**WHAT YOU HAVE TO DO**
Give back, unaltered, the lines from the one with "capturando momentos felices." to the end of the material, omitting pictures.

**RECORDED DATA**
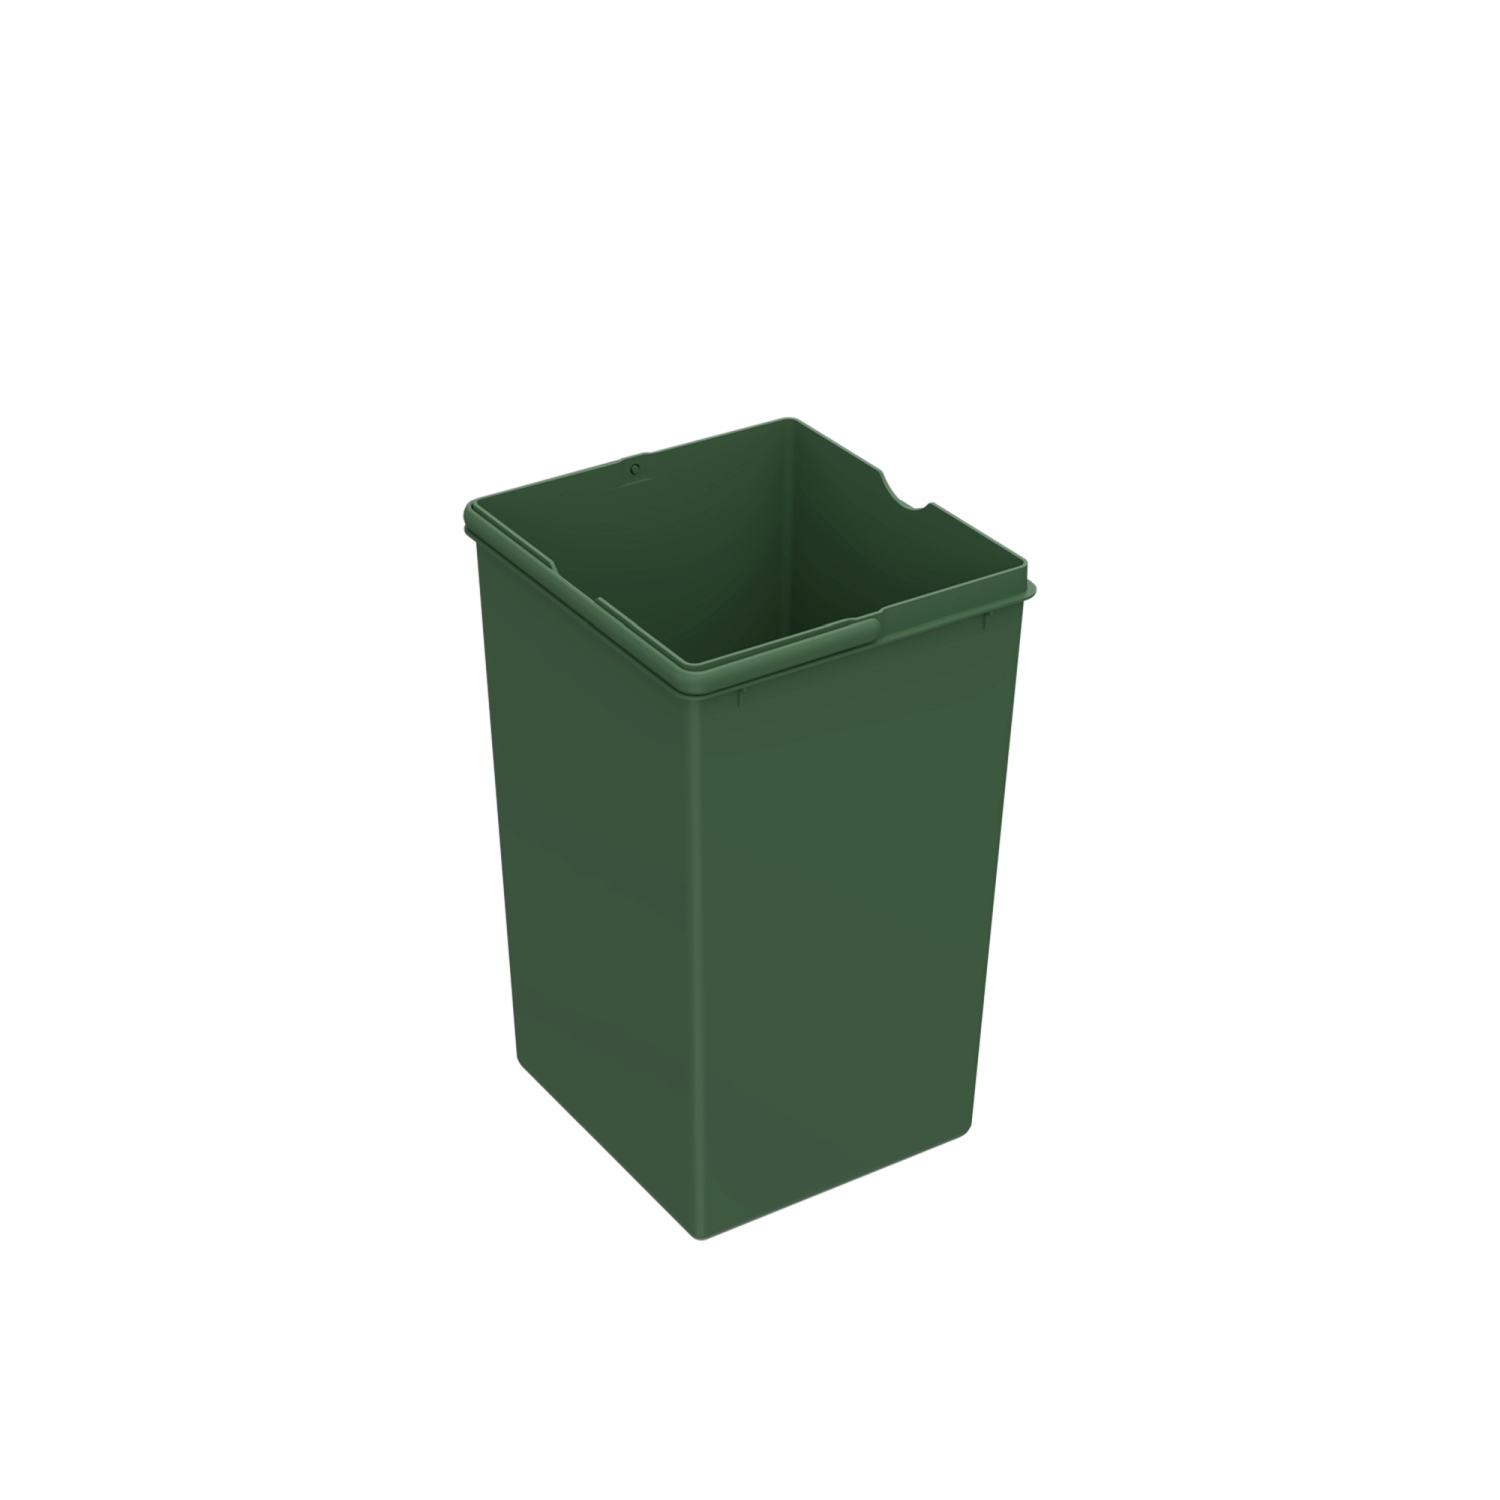 HETTICH Bin.it Basic II, 15 l, Kunststoff grün, 210 x 220 x 350 mm, 9136186
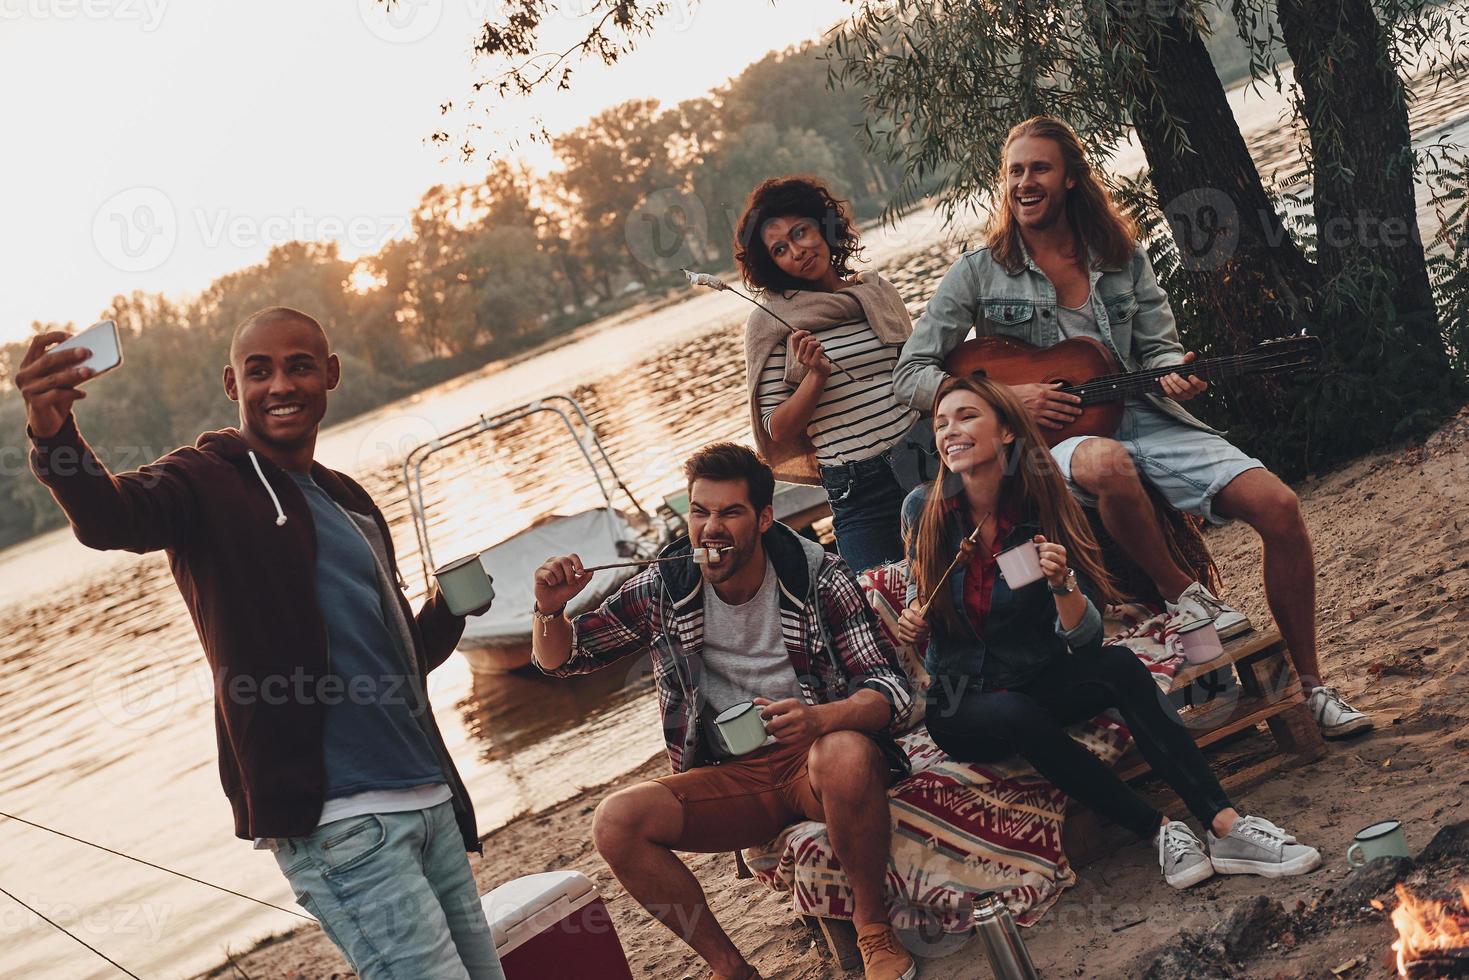 capturando momentos felices. grupo de jóvenes con ropa informal sonriendo y tomándose selfie mientras disfrutan de una fiesta en la playa cerca del lago foto
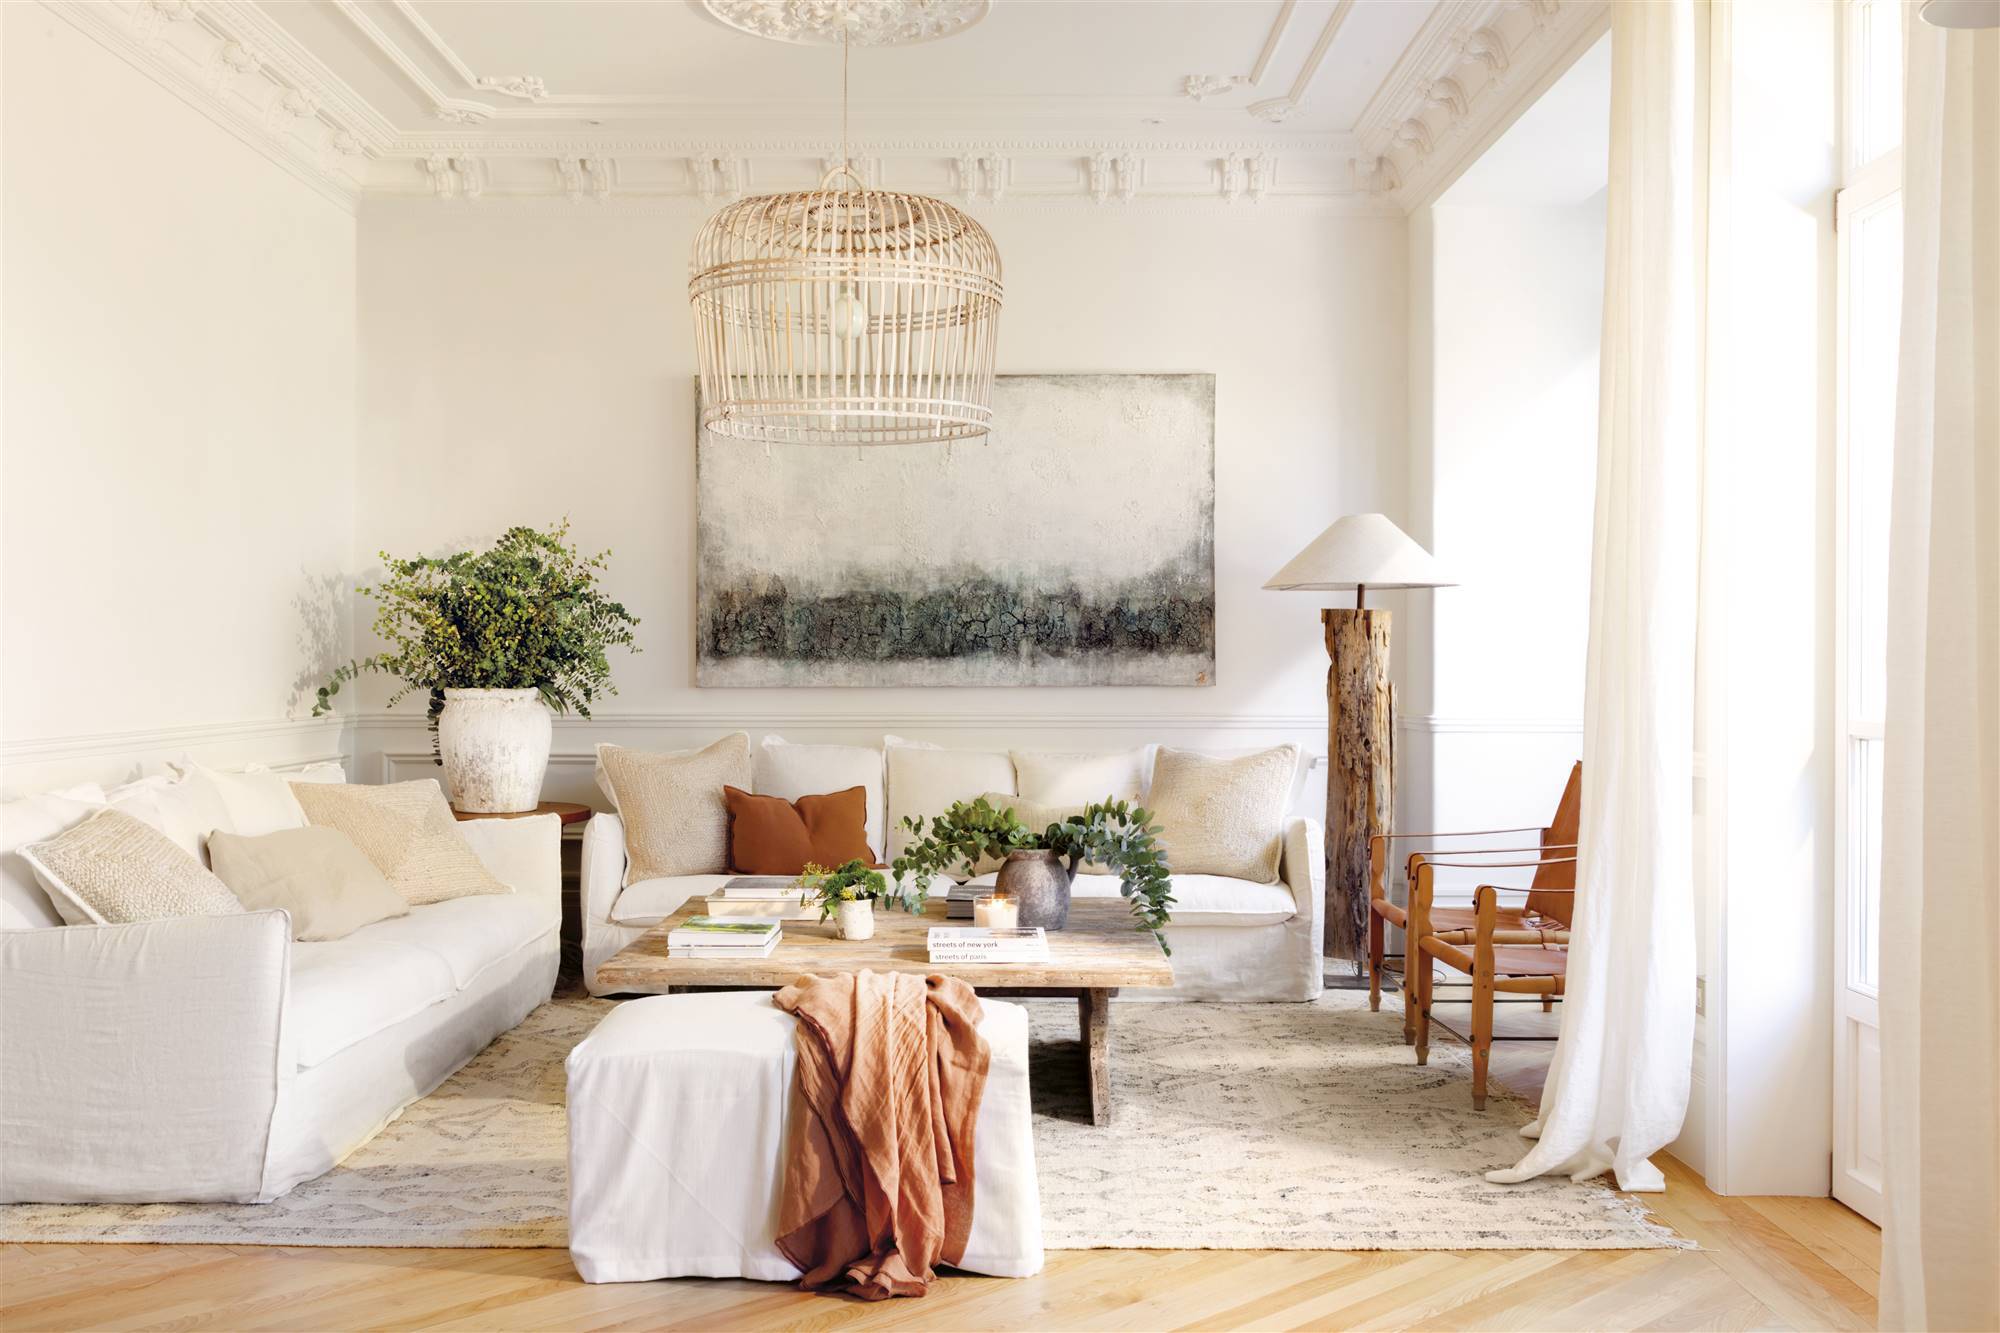 Salón blanco de arquitectura señorial con gran ventanal y un cuadro sobre sofá
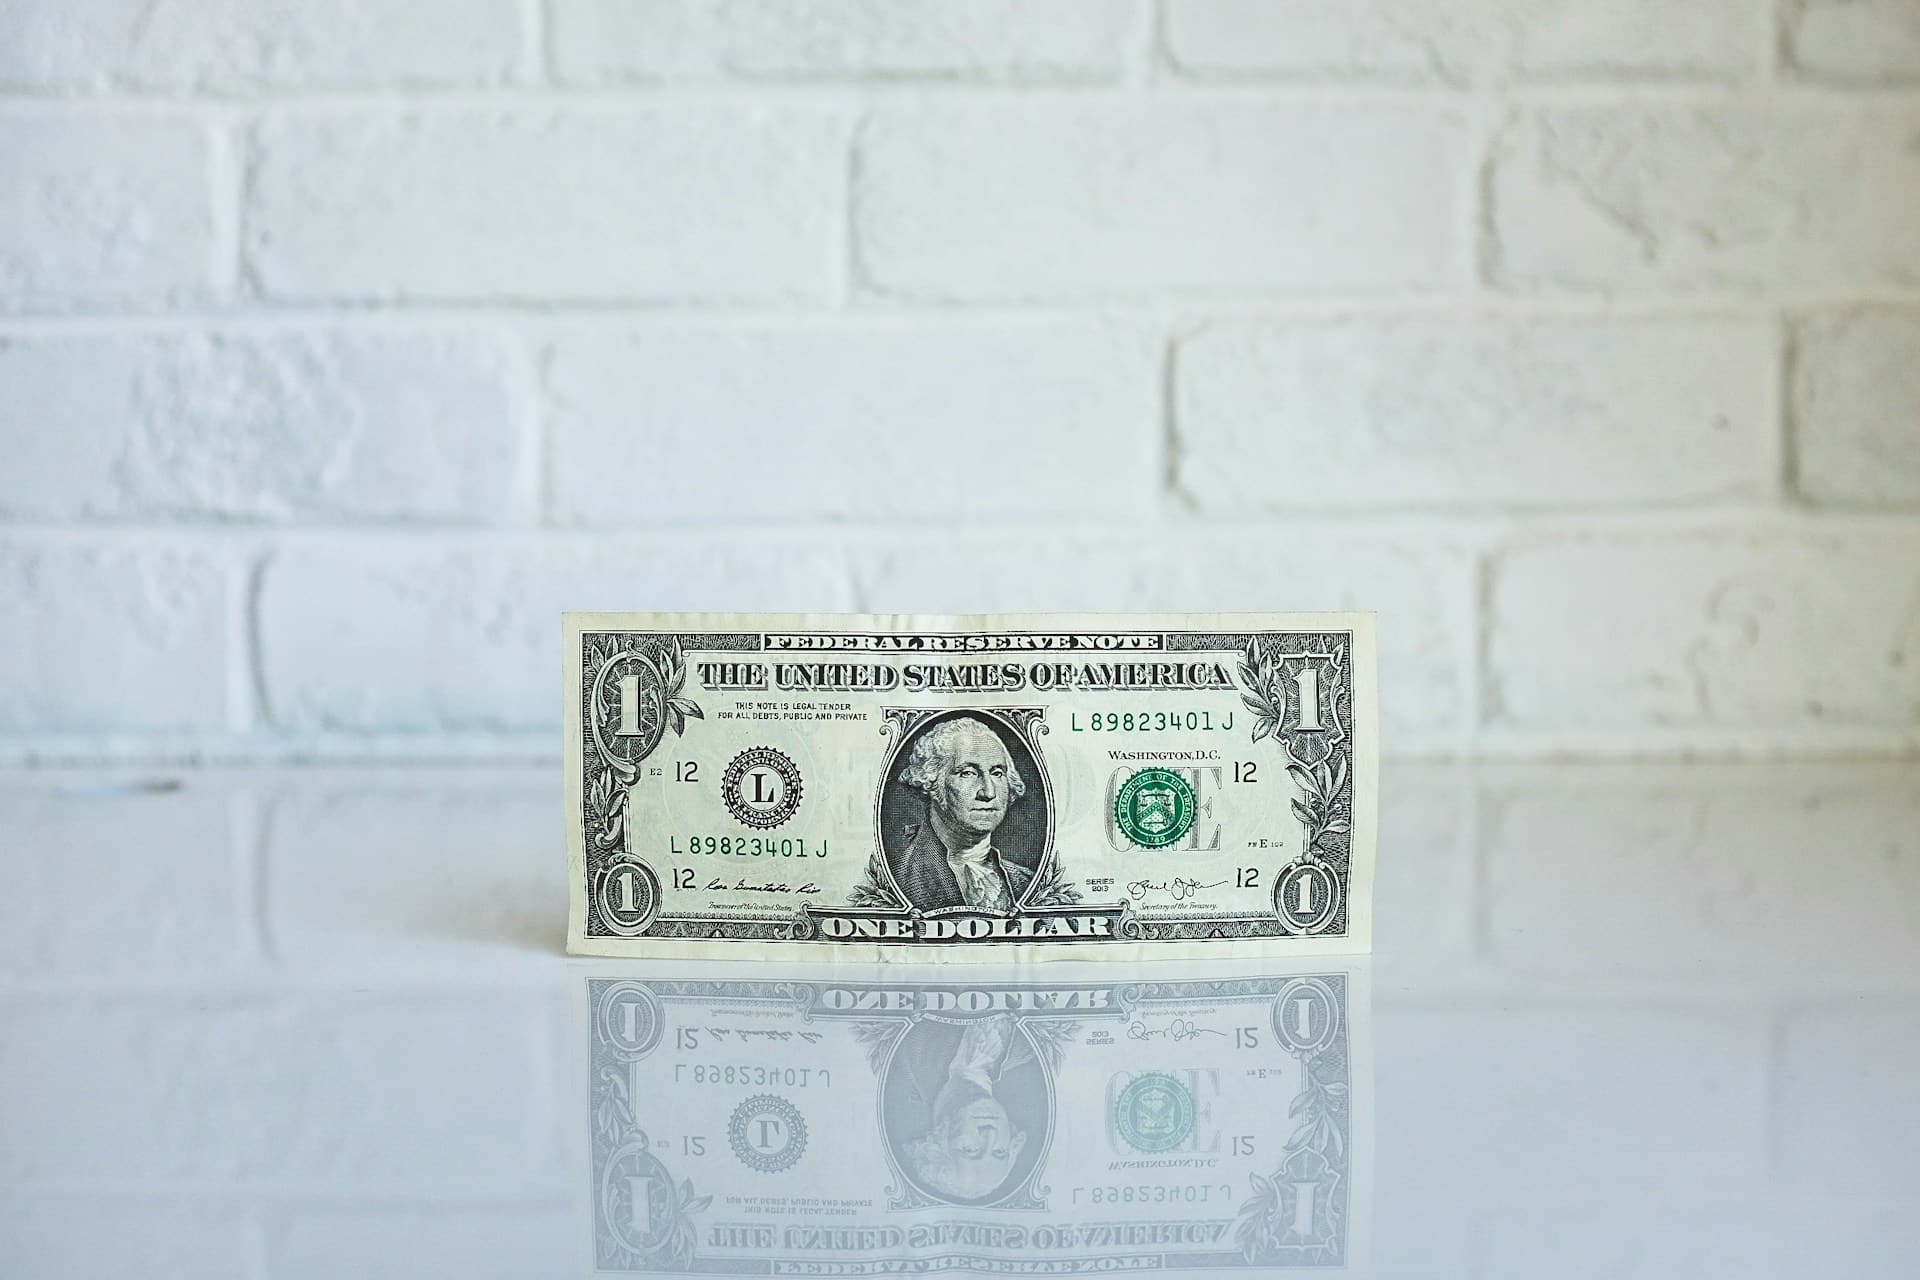 Ein einzelner Dollarschein mit dem Gesicht von George Washington darauf, vor einem weißen Backsteinmauerhintergrund

**OUTPUT BELOW**
 capturando momentos felices. grupo de jóvenes con ropa informal sonriendo y tomándose selfie mientras disfrutan de una fiesta en la playa cerca del lago foto
 Salón blanco de arquitectura señorial con gran ventanal y un cuadro sobre sofá
 Ein einzelner Dollarschein mit dem Gesicht von George Washington darauf, vor einem weißen Backsteinmauerhintergrund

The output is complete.